===== Input material =====

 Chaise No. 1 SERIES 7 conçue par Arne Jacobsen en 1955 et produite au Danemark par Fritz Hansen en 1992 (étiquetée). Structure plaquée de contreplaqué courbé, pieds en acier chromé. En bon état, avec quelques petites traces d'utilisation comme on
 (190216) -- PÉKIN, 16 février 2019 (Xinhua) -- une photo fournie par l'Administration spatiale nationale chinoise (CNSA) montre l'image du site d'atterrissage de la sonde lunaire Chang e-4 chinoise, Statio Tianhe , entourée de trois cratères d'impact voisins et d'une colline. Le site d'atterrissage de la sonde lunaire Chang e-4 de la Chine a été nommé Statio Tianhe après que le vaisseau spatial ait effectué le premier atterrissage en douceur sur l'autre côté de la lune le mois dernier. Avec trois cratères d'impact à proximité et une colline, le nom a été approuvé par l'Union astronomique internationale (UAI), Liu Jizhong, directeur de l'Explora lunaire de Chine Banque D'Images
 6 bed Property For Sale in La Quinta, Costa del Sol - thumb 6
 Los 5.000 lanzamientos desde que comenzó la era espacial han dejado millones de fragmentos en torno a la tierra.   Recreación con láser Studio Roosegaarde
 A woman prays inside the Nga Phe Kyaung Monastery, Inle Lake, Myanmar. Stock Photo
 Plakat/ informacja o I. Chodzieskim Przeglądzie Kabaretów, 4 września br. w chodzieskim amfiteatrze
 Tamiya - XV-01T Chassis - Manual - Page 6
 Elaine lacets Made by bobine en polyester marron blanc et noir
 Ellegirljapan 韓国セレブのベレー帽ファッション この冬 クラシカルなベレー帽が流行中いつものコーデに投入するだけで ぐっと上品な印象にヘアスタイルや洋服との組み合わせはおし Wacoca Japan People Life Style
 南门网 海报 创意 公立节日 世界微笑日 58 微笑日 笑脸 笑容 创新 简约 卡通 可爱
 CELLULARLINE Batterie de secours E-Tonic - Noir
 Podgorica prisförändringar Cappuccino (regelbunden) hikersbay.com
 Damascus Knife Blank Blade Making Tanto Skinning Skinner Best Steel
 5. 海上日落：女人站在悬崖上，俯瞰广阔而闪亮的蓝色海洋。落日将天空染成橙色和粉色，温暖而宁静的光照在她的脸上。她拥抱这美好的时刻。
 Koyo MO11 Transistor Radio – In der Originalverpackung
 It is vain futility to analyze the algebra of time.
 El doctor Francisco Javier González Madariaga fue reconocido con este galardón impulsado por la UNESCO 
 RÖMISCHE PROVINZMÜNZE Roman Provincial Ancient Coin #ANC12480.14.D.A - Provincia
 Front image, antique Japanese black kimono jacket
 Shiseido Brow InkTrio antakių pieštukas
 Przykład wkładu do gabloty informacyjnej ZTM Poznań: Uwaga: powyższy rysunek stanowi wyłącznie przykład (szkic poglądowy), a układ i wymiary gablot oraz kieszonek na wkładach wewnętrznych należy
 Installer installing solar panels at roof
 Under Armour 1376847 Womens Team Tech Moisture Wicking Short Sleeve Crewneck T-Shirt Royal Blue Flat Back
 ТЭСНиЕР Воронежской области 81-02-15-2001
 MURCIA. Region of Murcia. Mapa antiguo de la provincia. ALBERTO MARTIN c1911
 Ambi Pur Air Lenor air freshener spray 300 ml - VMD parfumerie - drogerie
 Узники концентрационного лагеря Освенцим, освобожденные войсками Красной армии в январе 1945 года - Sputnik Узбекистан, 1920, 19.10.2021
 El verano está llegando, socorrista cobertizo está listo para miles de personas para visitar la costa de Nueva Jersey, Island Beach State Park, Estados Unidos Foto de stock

=====

▶ [Your assignment]
Your output must be an exact copy of every entry.

▶ [Response below]
 Chaise No. 1 SERIES 7 conçue par Arne Jacobsen en 1955 et produite au Danemark par Fritz Hansen en 1992 (étiquetée). Structure plaquée de contreplaqué courbé, pieds en acier chromé. En bon état, avec quelques petites traces d'utilisation comme on
 (190216) -- PÉKIN, 16 février 2019 (Xinhua) -- une photo fournie par l'Administration spatiale nationale chinoise (CNSA) montre l'image du site d'atterrissage de la sonde lunaire Chang e-4 chinoise, Statio Tianhe , entourée de trois cratères d'impact voisins et d'une colline. Le site d'atterrissage de la sonde lunaire Chang e-4 de la Chine a été nommé Statio Tianhe après que le vaisseau spatial ait effectué le premier atterrissage en douceur sur l'autre côté de la lune le mois dernier. Avec trois cratères d'impact à proximité et une colline, le nom a été approuvé par l'Union astronomique internationale (UAI), Liu Jizhong, directeur de l'Explora lunaire de Chine Banque D'Images
 6 bed Property For Sale in La Quinta, Costa del Sol - thumb 6
 Los 5.000 lanzamientos desde que comenzó la era espacial han dejado millones de fragmentos en torno a la tierra.   Recreación con láser Studio Roosegaarde
 A woman prays inside the Nga Phe Kyaung Monastery, Inle Lake, Myanmar. Stock Photo
 Plakat/ informacja o I. Chodzieskim Przeglądzie Kabaretów, 4 września br. w chodzieskim amfiteatrze
 Tamiya - XV-01T Chassis - Manual - Page 6
 Elaine lacets Made by bobine en polyester marron blanc et noir
 Ellegirljapan 韓国セレブのベレー帽ファッション この冬 クラシカルなベレー帽が流行中いつものコーデに投入するだけで ぐっと上品な印象にヘアスタイルや洋服との組み合わせはおし Wacoca Japan People Life Style
 南门网 海报 创意 公立节日 世界微笑日 58 微笑日 笑脸 笑容 创新 简约 卡通 可爱
 CELLULARLINE Batterie de secours E-Tonic - Noir
 Podgorica prisförändringar Cappuccino (regelbunden) hikersbay.com
 Damascus Knife Blank Blade Making Tanto Skinning Skinner Best Steel
 5. 海上日落：女人站在悬崖上，俯瞰广阔而闪亮的蓝色海洋。落日将天空染成橙色和粉色，温暖而宁静的光照在她的脸上。她拥抱这美好的时刻。
 Koyo MO11 Transistor Radio – In der Originalverpackung
 It is vain futility to analyze the algebra of time.
 El doctor Francisco Javier González Madariaga fue reconocido con este galardón impulsado por la UNESCO 
 RÖMISCHE PROVINZMÜNZE Roman Provincial Ancient Coin #ANC12480.14.D.A - Provincia
 Front image, antique Japanese black kimono jacket
 Shiseido Brow InkTrio antakių pieštukas
 Przykład wkładu do gabloty informacyjnej ZTM Poznań: Uwaga: powyższy rysunek stanowi wyłącznie przykład (szkic poglądowy), a układ i wymiary gablot oraz kieszonek na wkładach wewnętrznych należy
 Installer installing solar panels at roof
 Under Armour 1376847 Womens Team Tech Moisture Wicking Short Sleeve Crewneck T-Shirt Royal Blue Flat Back
 ТЭСНиЕР Воронежской области 81-02-15-2001
 MURCIA. Region of Murcia. Mapa antiguo de la provincia. ALBERTO MARTIN c1911
 Ambi Pur Air Lenor air freshener spray 300 ml - VMD parfumerie - drogerie
 Узники концентрационного лагеря Освенцим, освобожденные войсками Красной армии в январе 1945 года - Sputnik Узбекистан, 1920, 19.10.2021
 El verano está llegando, socorrista cobertizo está listo para miles de personas para visitar la costa de Nueva Jersey, Island Beach State Park, Estados Unidos Foto de stock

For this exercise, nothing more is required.